Alta densità senza fatica
In due versioni e quattro modelli base, le big balers KUHN LSB 1290 D o LSB 1290 iD contengono, in quest'ultimo modello, il concept innovativo Intelligent Density - novità tecnica Eima 2014 - capace di generare balle con una densità di 25 punti percentuali maggiore rispetto alle presse per balle rettangolari tradizionali.

Risultato ottenuto grazie al sistema di compressione Twinpact che opera con una compressione in due tempi.
Si evita così l'eccessivo picco di carico sulla macchina e si aumenta la densità mantenendo un carico sulla linea di trasmissione del tutto simile a quello della convenzionale LSB 1290.



La macchina, quando verrà immessa sul mercato, andrà a completare la gamma senza sostituire i modelli esistenti.

Axmat e Axis 50.1 H-MC-W, la terza generazione
Gli spandiconcime centrifughi ad azionamento idraulico individuale dei dischi di spargimento direttamente dal trattore, aprono le porte alla terza generazione KUHN.


 
Il sistema EMC Electronic Mass Control, misura e regola lo scorrimento del concime su ciascun disco il cui funzionamento è indipendente dal regime motore del trattore, così da ottenere per i due lati, una dose specifica e monitorata dalla scatola di comando che indica il quantitativo realmente sparso.

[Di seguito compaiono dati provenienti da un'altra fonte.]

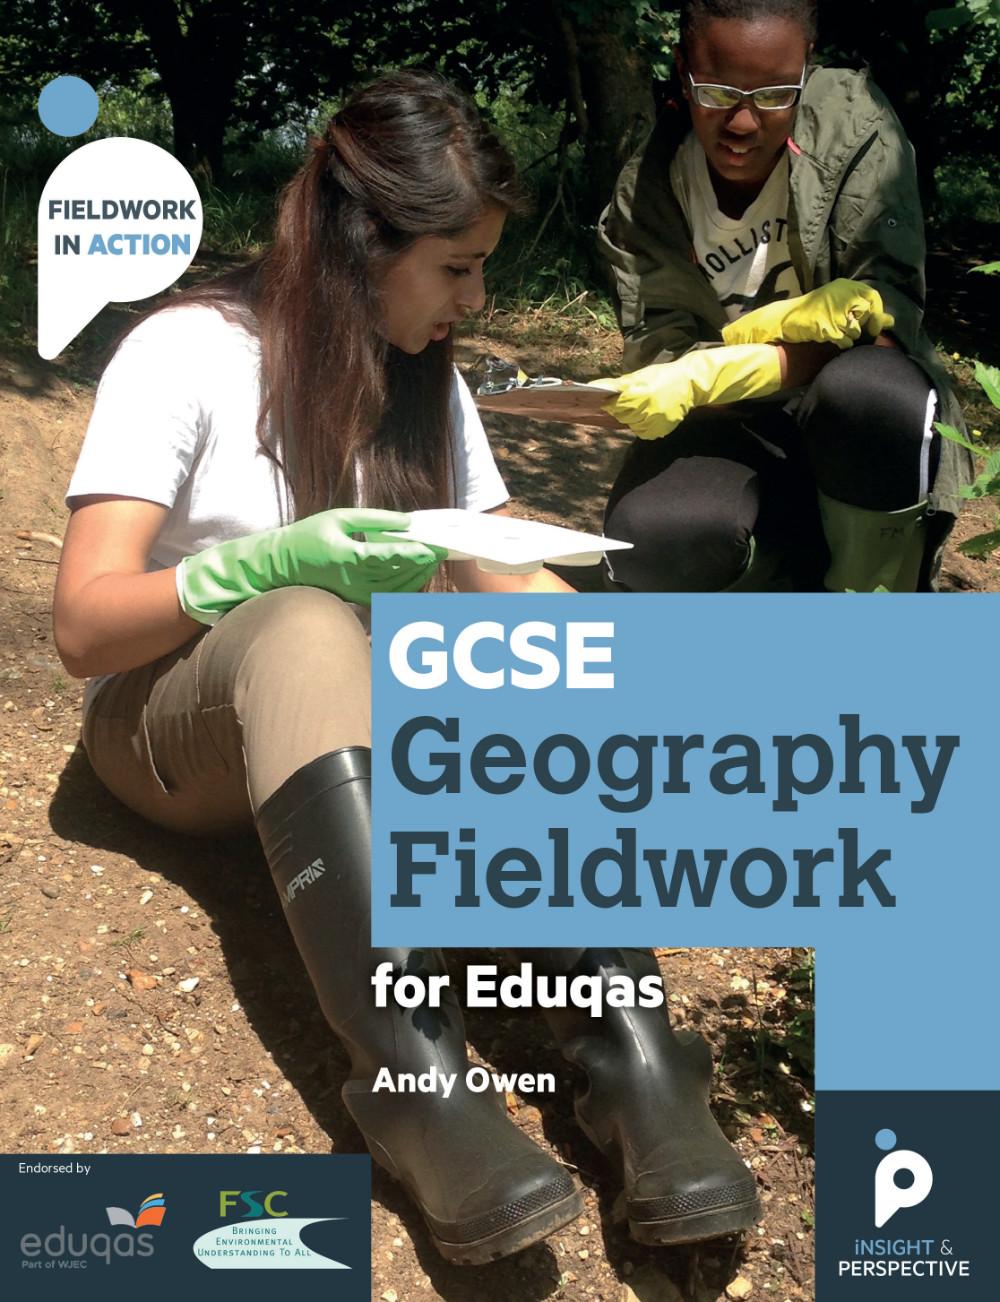 GCSE-Geography-Fieldwork-for-Eduqas.jpg

Dotato di Isobus compatibile di serie, utilizza il terminale KUHN CCI 100 e, in occasione di Eima 2014, è stato equipaggiato con Axmat, innovazione tecnica Eima 2014 che misura automaticamente online la distribuzione del concime inorganico con spandiconcime a dischi



L'impostazione è automatica in base al tipo di fertilizzante e alla larghezza di lavoro desiderata; la lettura del flusso di prodotto avviene attraverso quattro sensori a microonde.


 
Un braccio orientabile attorno al disco rileva, senza contatto, la posizione degli spandiconcime al di sotto e imposta, con il fondo del serbatoio girevole e l'apertura di dosaggio, lo schema di spandimento in modo completamente automatico in base alla larghezza di lavoro desiderata.

L'automonitoraggio costante degli spandiconcime consente, anche in caso di cariche alternate di concime o alterazione delle condizioni meteo, una regolazione completamente automatica online del sistema di regolazione.